Sacó la pistola. Apretó el gatillo. El ruido de la bala al salir hizo que me dolieran los oídos. Su cuerpo cayó sobre el río de autos que pasaba por abajo. Su sangre manchó mi oberol y lo único que me preocupaba era el miedo de volver a casa.

Años después, cuando empecé a entender qué significaba todo lo que viví esa noche, me di cuenta que papá era un alcohólico que siempre lo golpeaba. Él no se iba de la casa porque, si lo hacía, papá me golpearía a mí. Por eso siempre llegaba temprano. De la casa a la escuela, de la escuela a la casa. No tenía amigos porque uno de sus maestros lo había violado varias veces y los demás en la escuela sabían. No hacían nada, nadie hacía nada. Mi hermano no importaba. Mamá sabía todo esto pero prefirió guardar distancia. Le habían pagado a papá para que la callara, amenazando con hacer lo mismo conmigo. Conmigo.

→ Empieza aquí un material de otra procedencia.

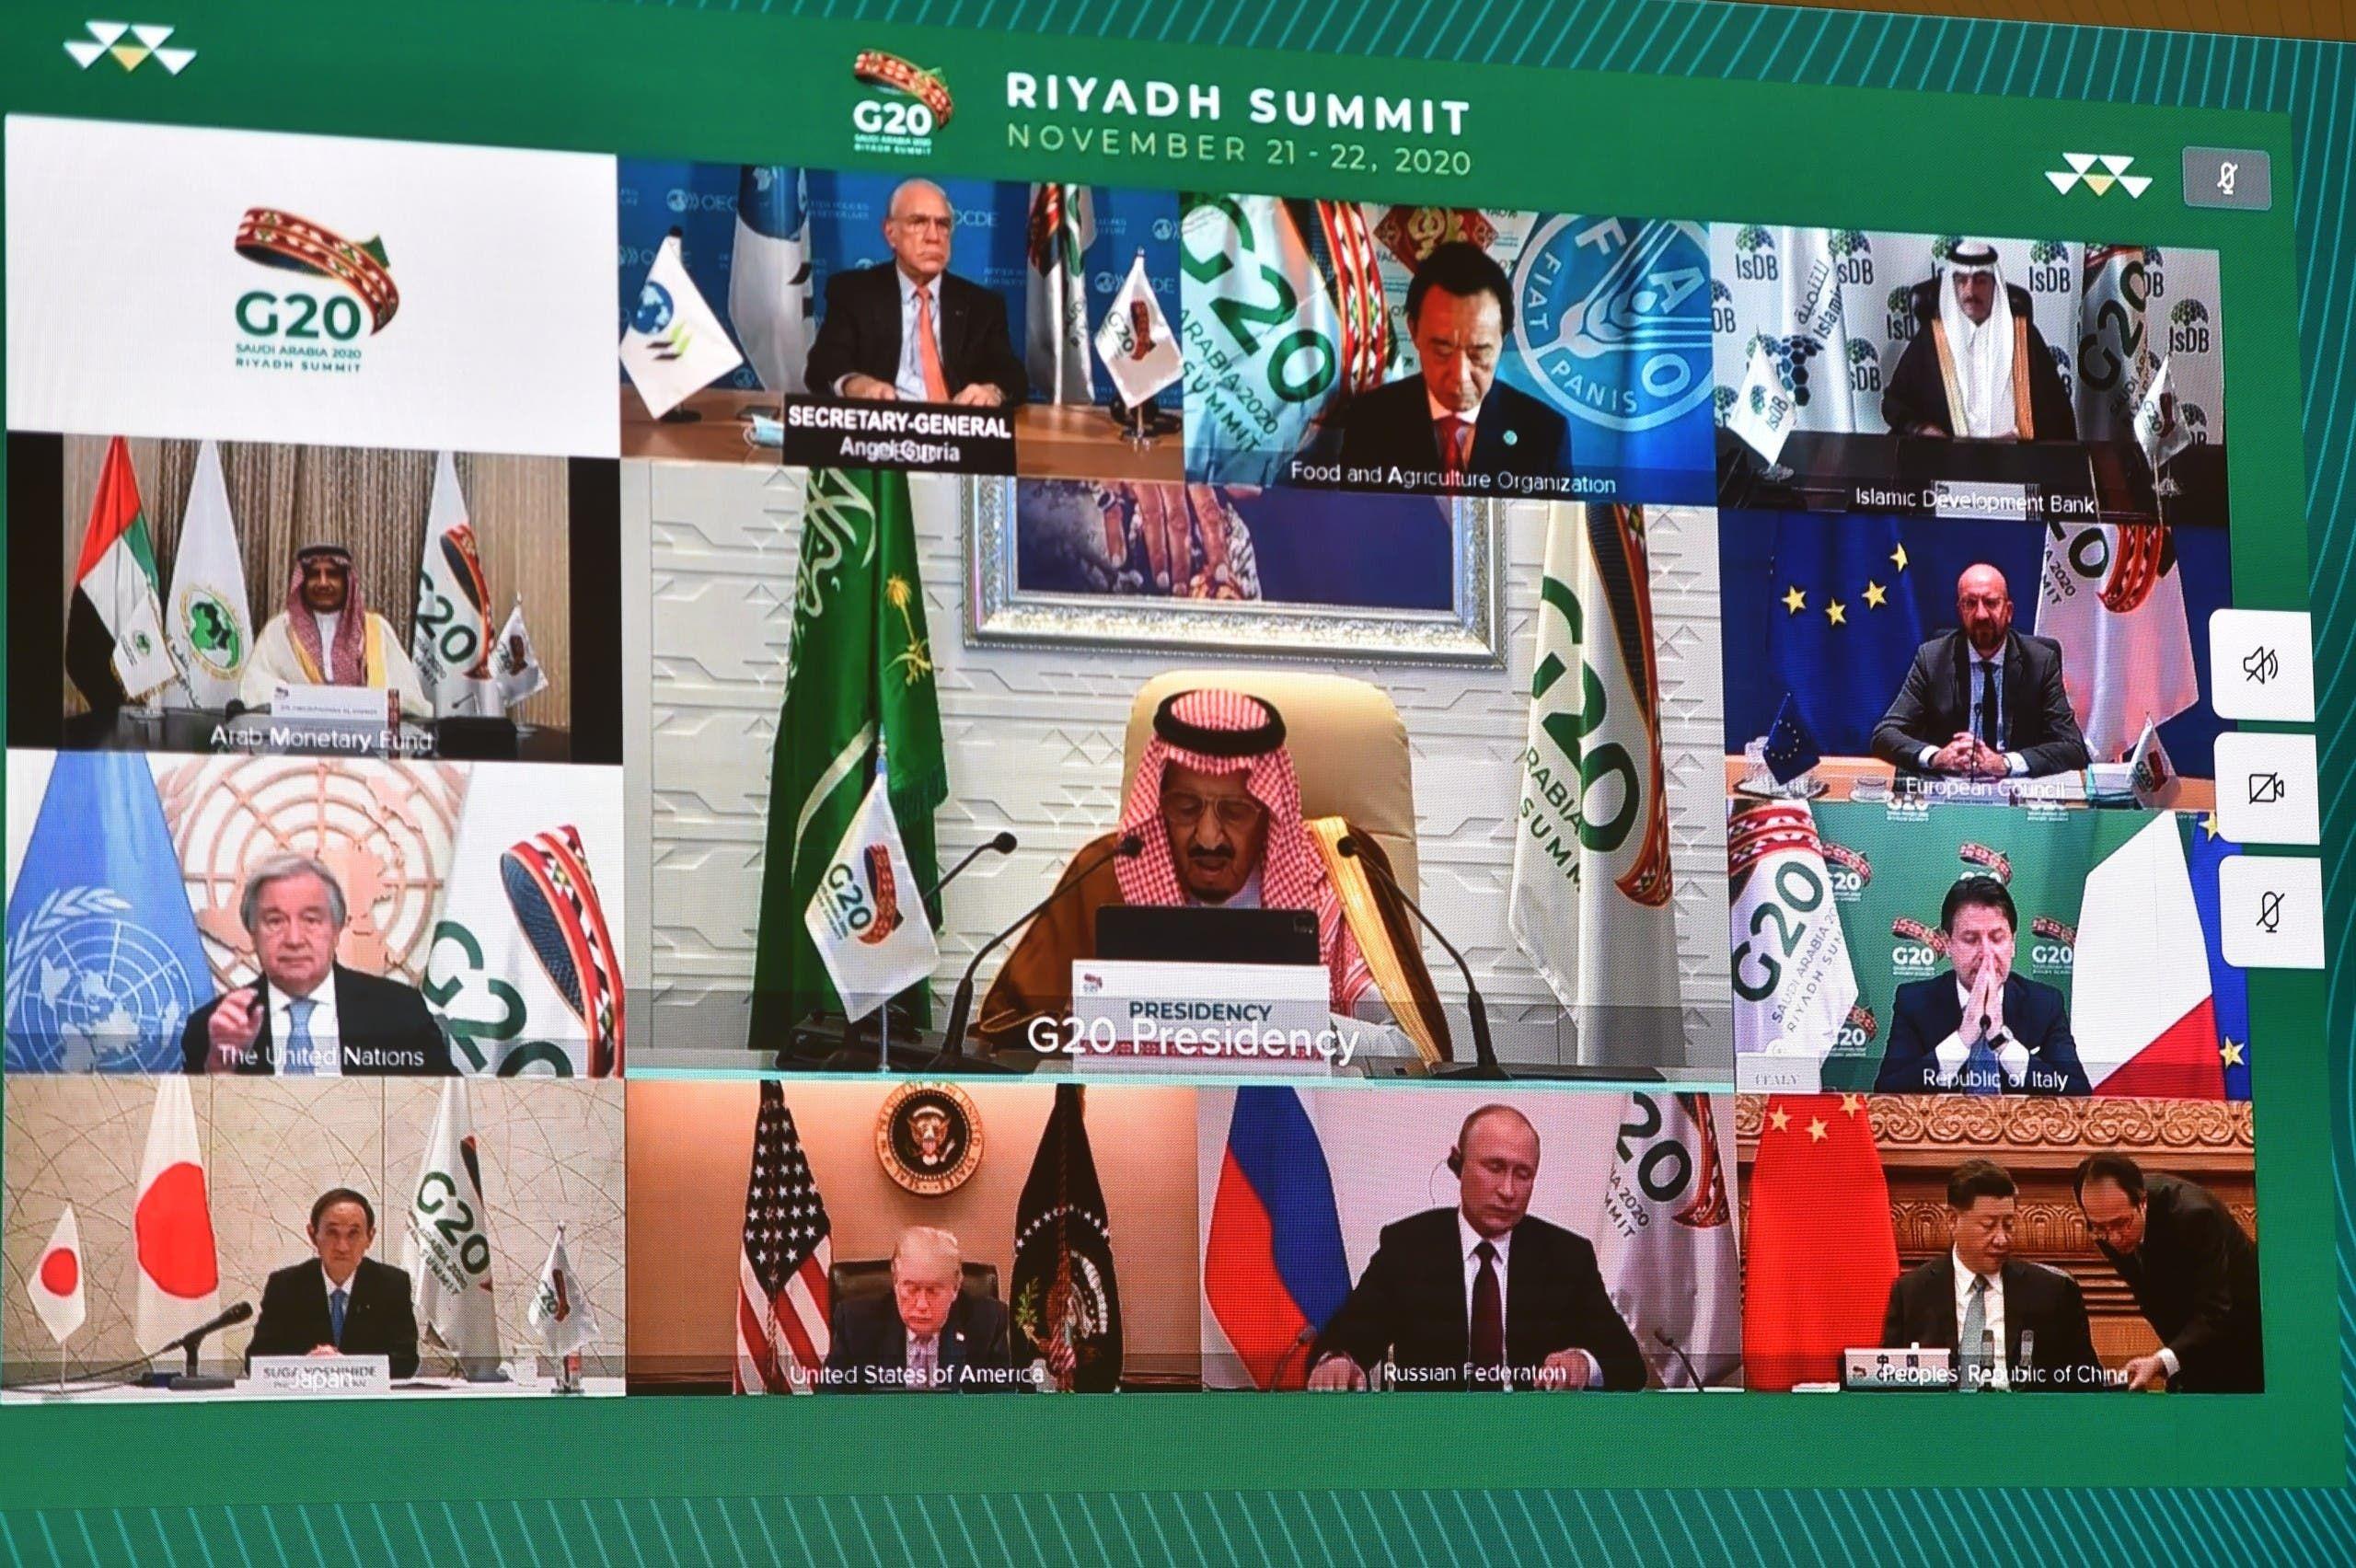 صحيفة سعودية : نتائج قمة العشرين تترجم حجم المسئولية التاريخية للسعودية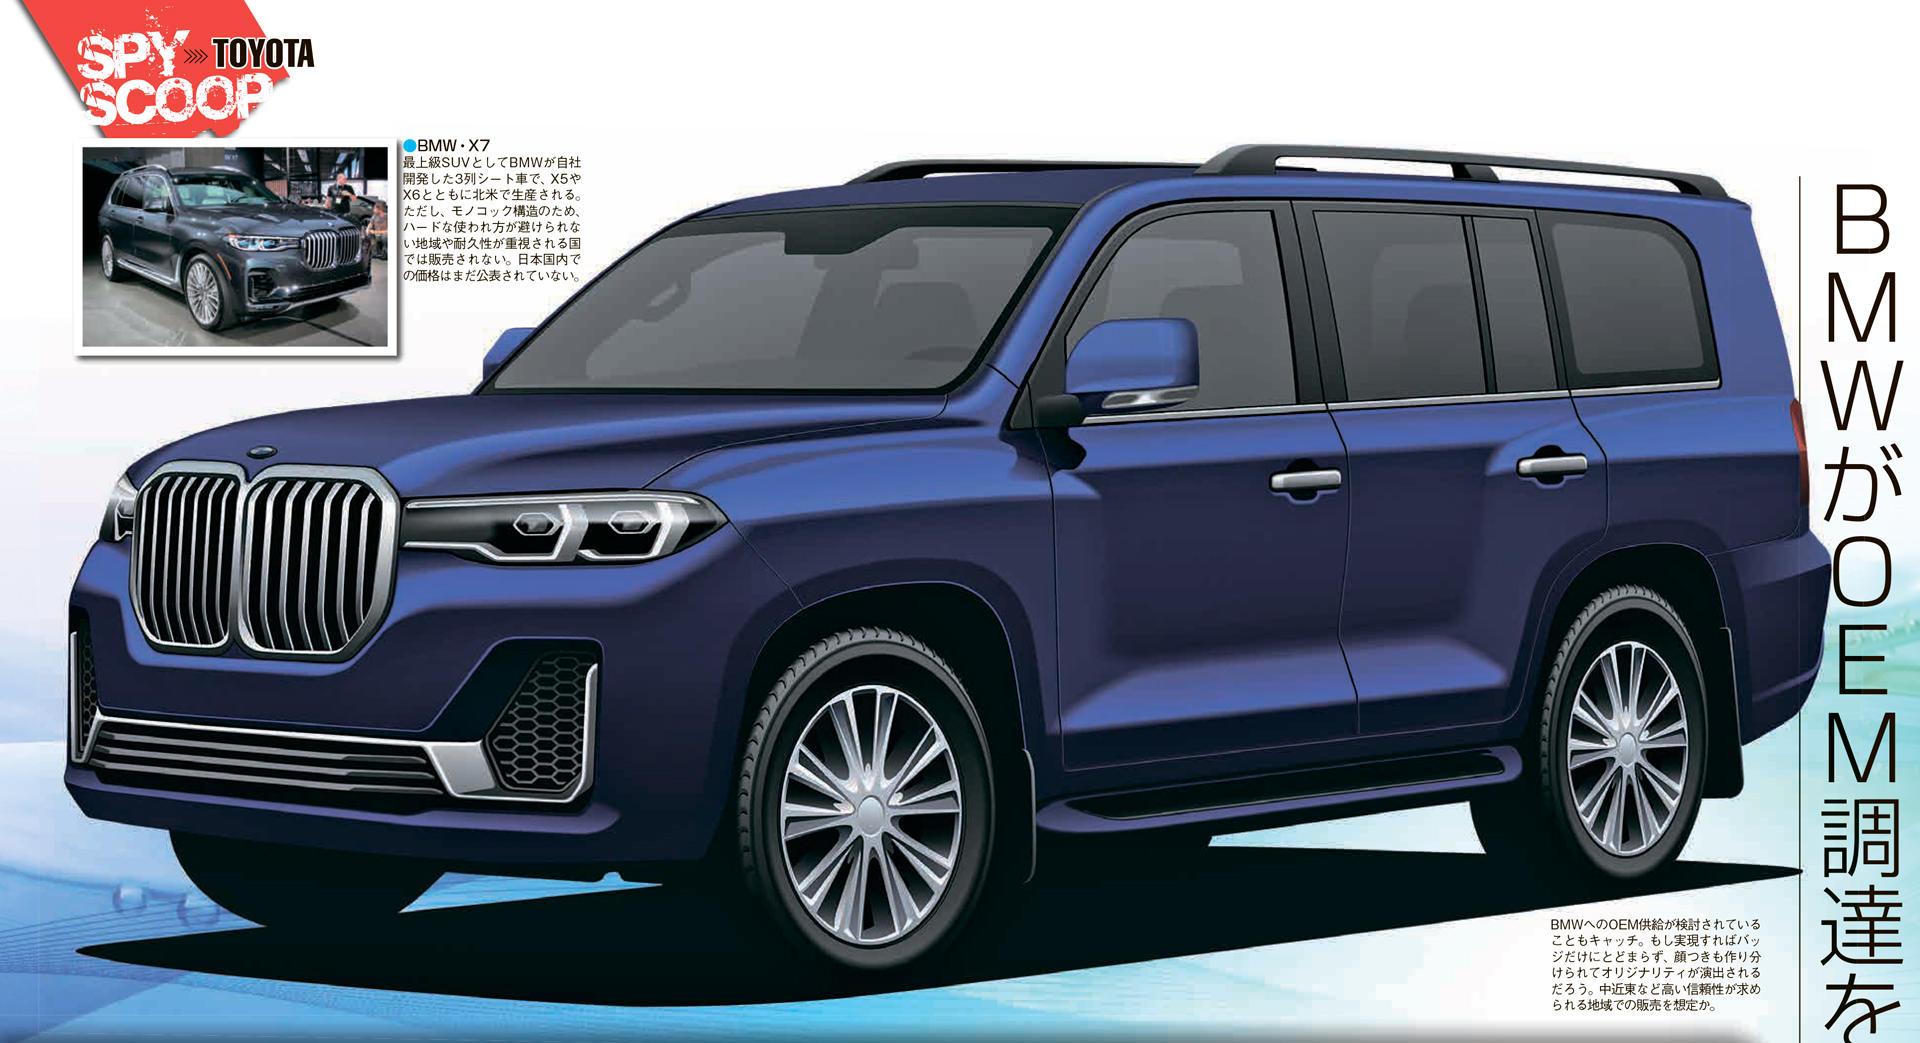 BMW может выпустить модель на платформе Toyota Land Cruiser

Creo que yo soy el culpable de la muerte de mi hermano, por eso me obligó a verlo saltar, a verlo caer en la inevitable locura. A verlo destruir todo lo que lo había destruido. Y luego morir, suicidarse en un noble acto de rebelión, como muestra de que su vida aún le pertenecía. Una muestra de que su vida no era mía y, a pesar de eso, no me dejaría solo.

Era demasiado pequeño como para entenderlo. Era demasiado pequeño para entender porqué, en ese momento, yo presencié las muertes de mi hermano.